Remember that the Moscow terrorists coordinated their rush hour attacks to occur at two strategically significant positions, namely, the Lubyanka station, which was next to Federal Security Service (formerly KGB) headquarters, and the Park Kulturi station near Gorky Park. Algorithms can be used to narrow down the likely time and place of a possible attack based on core data. All of these hi-tech approaches will certainly be implemented in our major target mass transit urban centers--Los Angeles, Chicago, Washington and New York, if they are not in place already.
The Internet has proved a double-edge sword in the war on terror. Though technology has aided the security forces in detecting and thwarting terrorist operations, it has, at the same time, helped terrorists wreak their evil handiwork.
- In the 2008 Mumbai attack, terrorist managers in Pakistan used cell phones and the Internet to exercise command and control over gunmen on the ground.
Technology has become the darling of the European jihadi nursery.
Face it, to be effective terrorists must be computer literate. The term "quant" may apply equally to a terrorist as to a Wall Street trader. And to be really effective, terrorists must be able to communicate instantly, at considerable distance and often in encrypted algorithmic messages. The fact that will not go away is that there are more than 4,000 pro-al Qaeda websites, most of them online since September 11, 2001. Do we close them down or listen in on their plot against humanity?

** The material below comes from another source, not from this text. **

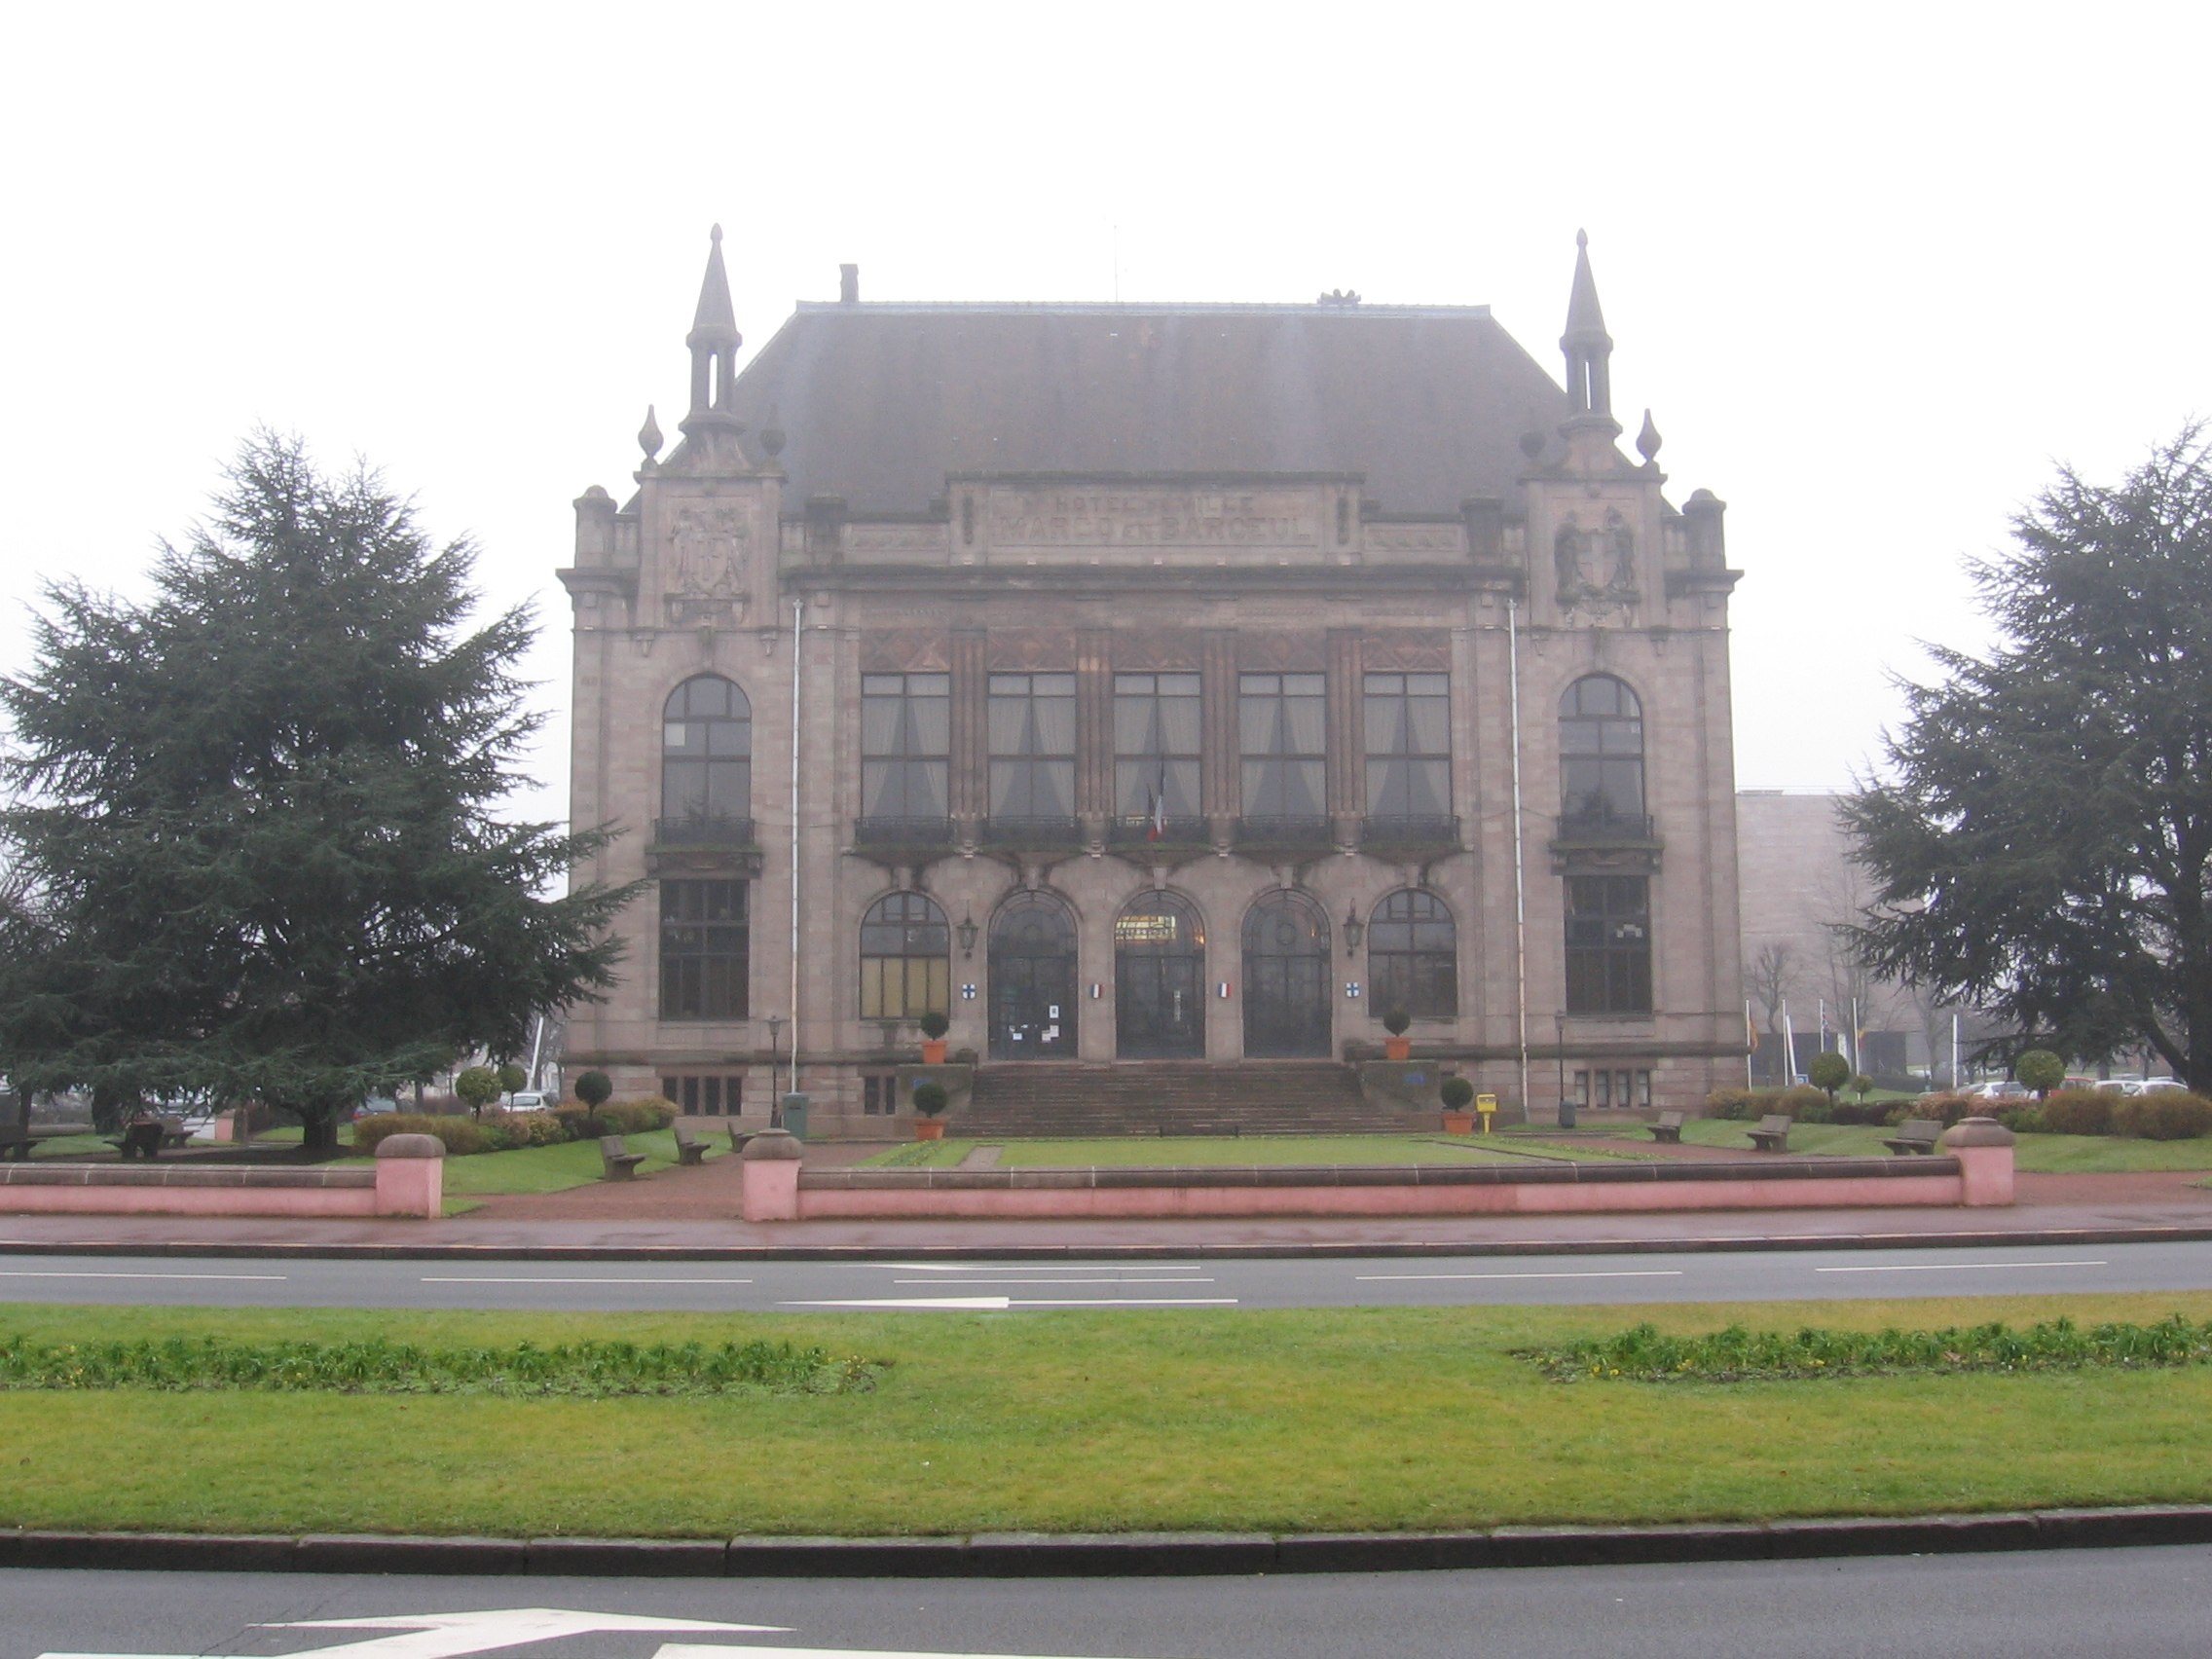 Mairie_de_Marcq-en-Baroeul_0673

The counter-terrorism forces routinely monitor al Qaeda websites and cell phones. Cell phone interception has led to the arrest of terrorists in Switzerland and Pakistan. Video camera surveillance figured prominently in the investigation of the London subway bombings. Technology helps us trace laundered funds used to finance terrorist operations.
Hi-tech communication, moreover, is not the only weapon at the disposal of the digital terrorist. Cyberspace itself may become the battleground. Experts firmly believe that the next attack in the United States will be coupled with an act of "cyber-terror," calculated to disrupt or paralyze the entire U.S. economy.
So what fate awaits us behind the opaque portal of technology, the lady or the tiger? Is the Internet our salvation or our undoing now that terrorism has become the Achilles heel of Western civilization? As technology develops, terrorist organizations will use the digital infrastructure, as they always have, to work their wicked will. And our hopes ride on the proposition that the "strong arms of science," will empower us to meet the threat.
James D. Zirin is a New York lawyer. He is a member of the Council on Foreign Relations and co-hosts the cable talk show "Digital Age."